- O Ibovespa fechou 2025 com alta de 34%, o melhor desempenho desde 2016.
- O rali foi impulsionado por fluxo externo, destacando setores líquidos como bancos, commodities e blue chips de consumo.
- Houve entrada de capitais: cerca de R$ 30 bilhões na bolsa local e mais de US$ 80 bilhões em investimentos diretos, o maior nível em uma década.
- O desempenho foi concentrado em ativos com maior exposição externa; empresas com alavancagem alta ou dependentes de crédito ficaram para trás.
- A combinação de câmbio mais estável e inflação em queda ajudou a reativar valuations, embora a análise indique que o movimento foi financeiro, não estrutural.
O Ibovespa encerrou 2025 com alta de 34%, o melhor desempenho desde 2016. O movimento foi impulsionado principalmente por fluxos estrangeiros, que ajudaram a sustentar ganhos mesmo com juros elevados no Brasil. O fechamento ocorreu em uma temporada de inflação próxima da meta e expectativa de cortes de juros.
Ao longo do ano, o cenário externo foi determinante. Investidores internacionais concentraram recursos na bolsa paulista, sustentando setores líquidos como bancos, commodities e algumas blue chips de consumo. Em contrapartida, empresas mais expostas ao crédito ou ao mercado doméstico ficaram atrás.
Panorama macro
No Brasil, a economia desacelerou sem ruptura, com o mercado de trabalho mais contido e inflação sob controle.

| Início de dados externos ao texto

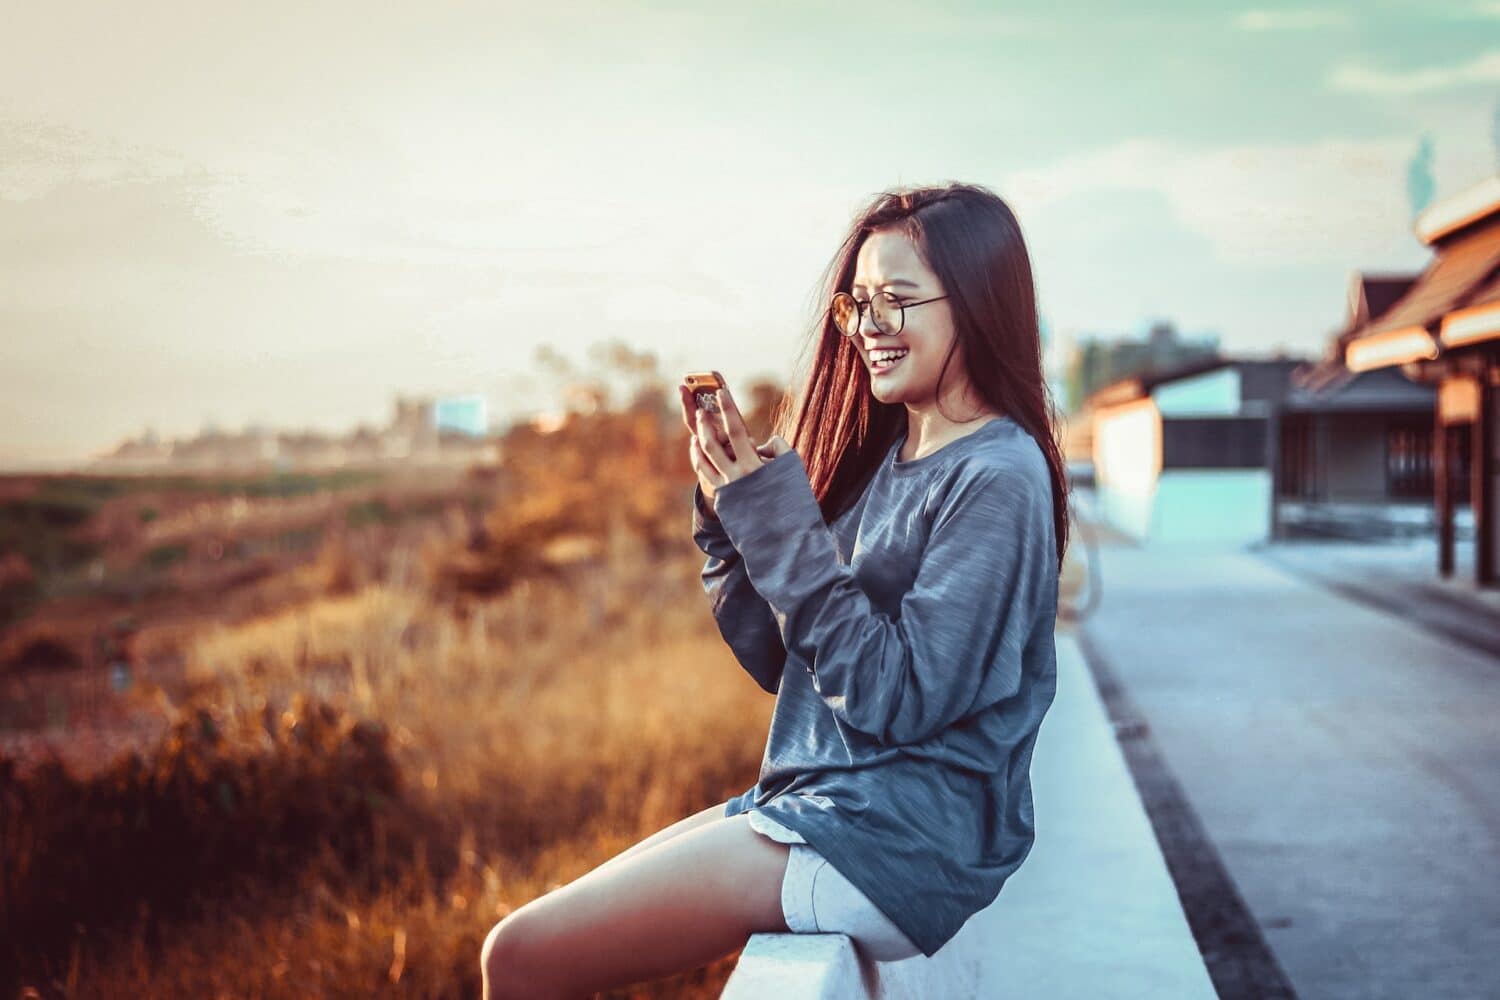 Mulher segurando um celular olhando para ele e sorrindo, com paisagem atrás. Ela está usando short jeans e blusa de manga longa cinza, imagem para ilustrar o post chip de celular Laos

O Banco Central sinalizou espaço para cortes graduais, o que elevou a atratividade de ações em meio a uma renda fixa ainda competitiva. O câmbio estável ajudou a reduzir prêmios de risco.
Mesmo com o desempenho expressivo, a leitura aponta um rali mais financeiro do que estrutural. O peso do capital externo foi determinante, enquanto o consumo doméstico e o investimento produtivo avançaram a passos mais lentos. A volatilidade externa manteve o cenário sob observação.